Will you roll the dice again, counting on the state's history of dodging at least the most significant meteorological events? If you are smart, you will take this opportunity to learn a few lessons before the storm passes from the news.

Loss of electrical power makes the most impact on homeowners. Two days after the storm left the state, I overheard a customer jokingly ask a store clerk if there were any generators left in the store. The clerk said the shelves were cleaned out. Then he added, “But we expect to see most of them come back this week.” It is an ethically unsound tactic, but apparently many people hurried to the store to buy a portable unit before the storm hit, planning to return it if their power did not go out. A better suggestion for you might be to rent a generator unit as a storm approaches, and use it if necessary, returning it when you get power back.

Many responsible homeowners have chosen to install an in-line generator to back up their power source whenever they lose it. Others lay out the expense for a small portable unit that can keep the refrigerator and freezer going until their home is back online. The expense of a back-up solution rises with the power capacity you require of a unit. An installed solution will cost a lot more than portable equipment.

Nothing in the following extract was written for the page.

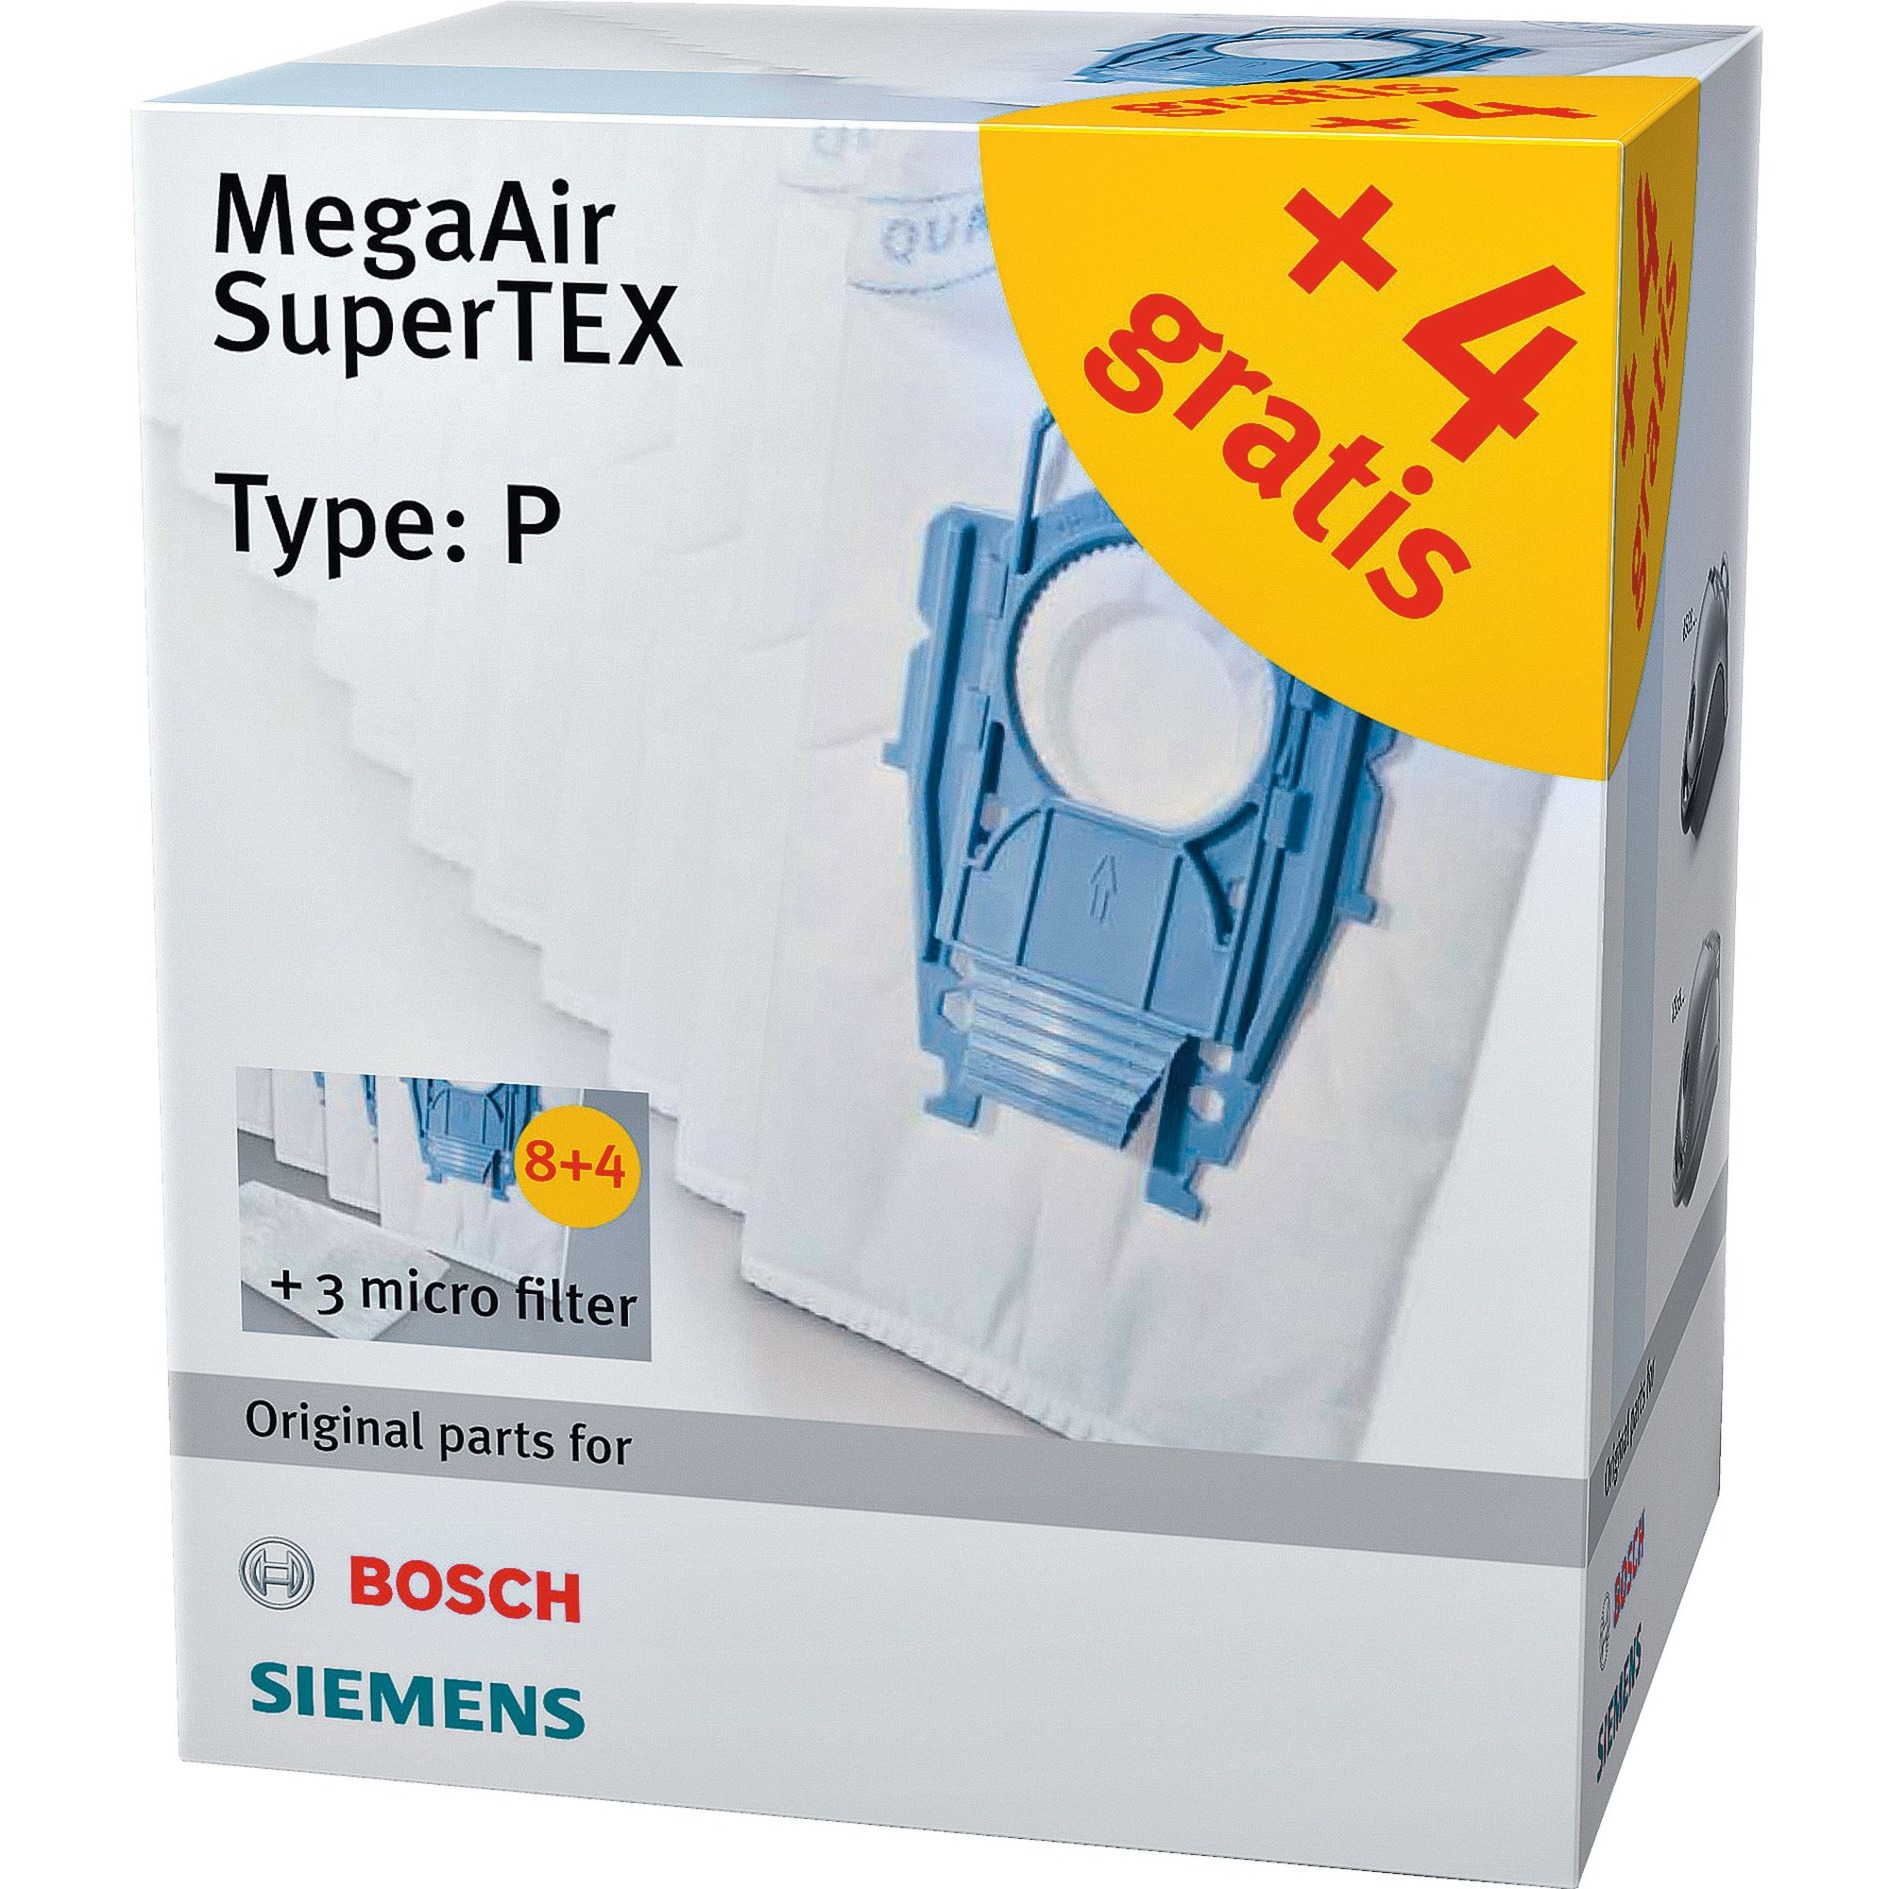 Image of Alternate - Staubsaugerbeutel MegaAir SuperTEX VZ123FP (12+3) Typ P online einkaufen bei Alternate
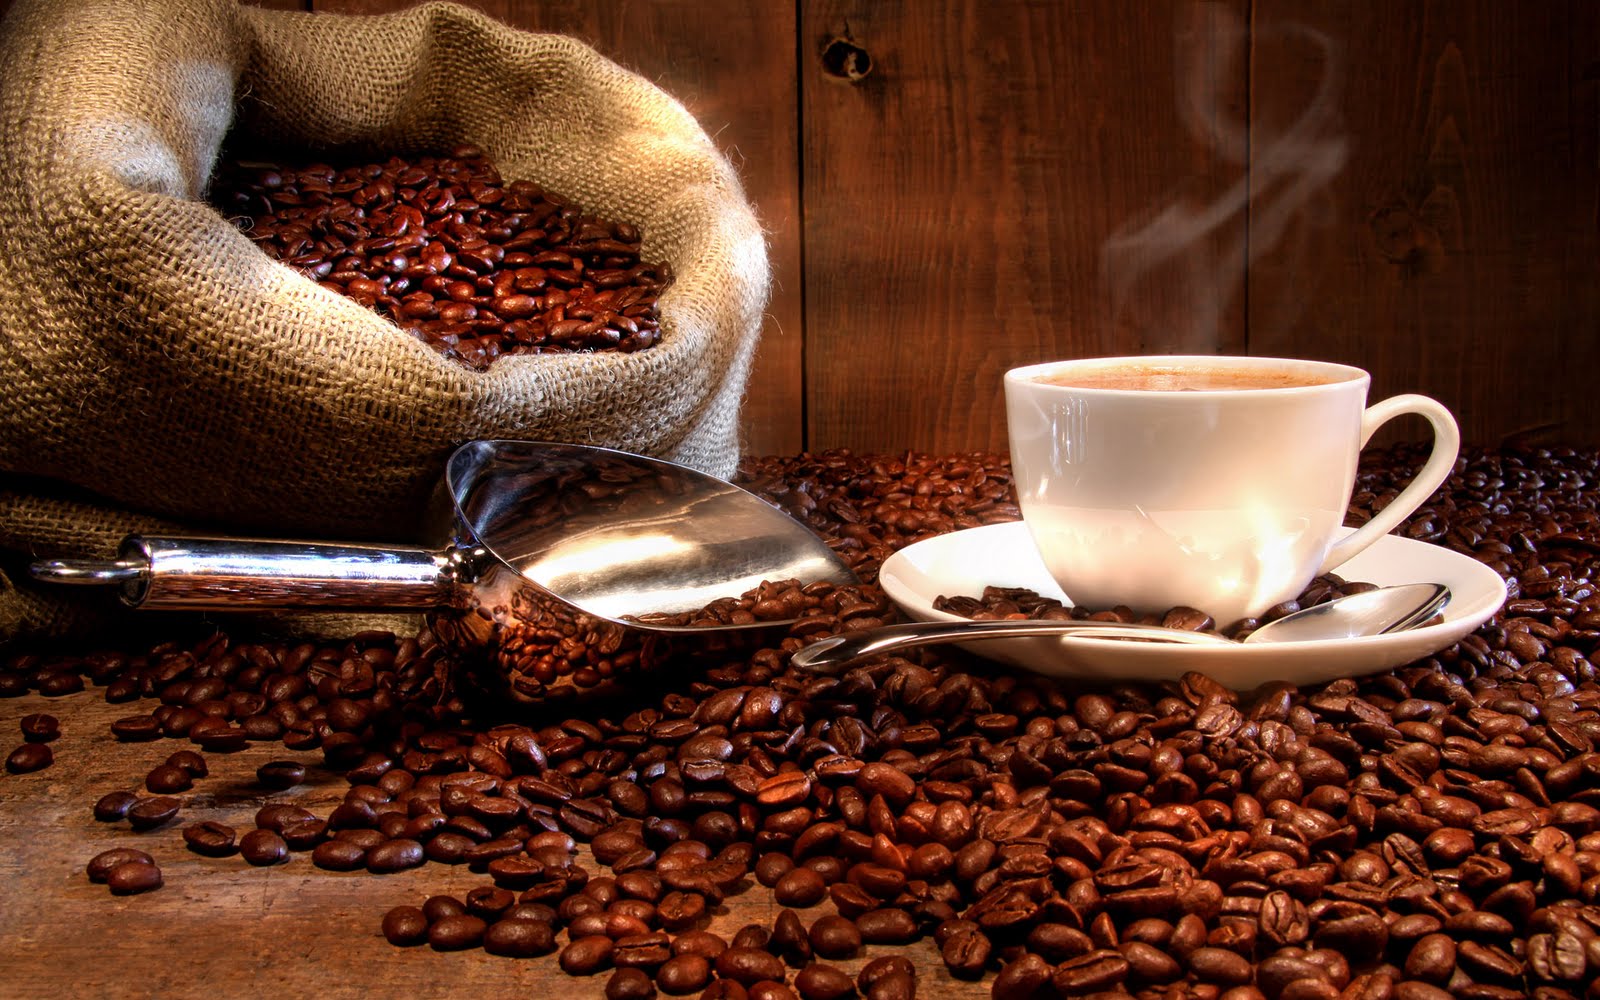 Vai um cafezinho aí? – Transtornos relacionados à cafeína

Think about this. If your home is located on the edge of the power grid's trunk, your area may experience pretty frequent outages from storms. Check with your neighbors, and get the outage history for your area.

Just before the storm arrived, I made a quick trip to the store. The first supermarket was completely out of bottled water of any kind and size. Shocked customers were buzzing about where they could find water to put on their pantry shelves. The simple answer is to buy a case or two of water, or some large bottles, and keep them in a storage area. Rotate your stock every once in a while. Just remember to buy it when you don’t need it. As the storm approaches, clean your bath tub well, and fill it with water for bathing, flushing the toilet, and washing dishes.

Dealing with the sheer volume of a storm's water and the pace with which it attacks your property can be a tremendous challenge. The first thing to think about is keeping it outside of your house. The next most important action is getting it away from your house as quickly and completely as possible. A sound roof to collect the water, and the gutters and drainpipes that can carry it away act as an effective defense system. Even if you didn’t suffer a roof failure in the recent storm, it's a good idea to inspect your roof thoroughly now, after the severe weather, to see if shingles or flashing are loose or missing.

Inspect the gutters. They might be littered with leaves ripped off in the last storm, and access to drain pipes might be blocked. Get them cleaned out, and be confident they will work well in the next test. Pay special attention to the bottom of the drainpipes. There should at least be splash blocks there to send the water away from the house. For a better solution, add extensions at the bottom elbow to divert the flow away from the house's foundation by another 6 feet or so.

Take a ride around your neighborhood, and note the size and condition of the trees that were taken down entirely or at least split apart. Assess your own trees for strength and the potential damage they may cause. It might be worth having a professional tree man on site to prune away some of the bulk and susceptible limbs. Be especially attentive to trees with long enough reach to damage your house.

Even if we don’t have another hurricane or tropical storm come our way this season, don't forget about the winter to come. Last year we lost a lot of trees and suffered a lot of damage to houses and barns, due not only to the weight of the snow, but also from high wind velocity. Whatever you do to protect your home this season will also help you withstand the hostile weather to come over the next six months.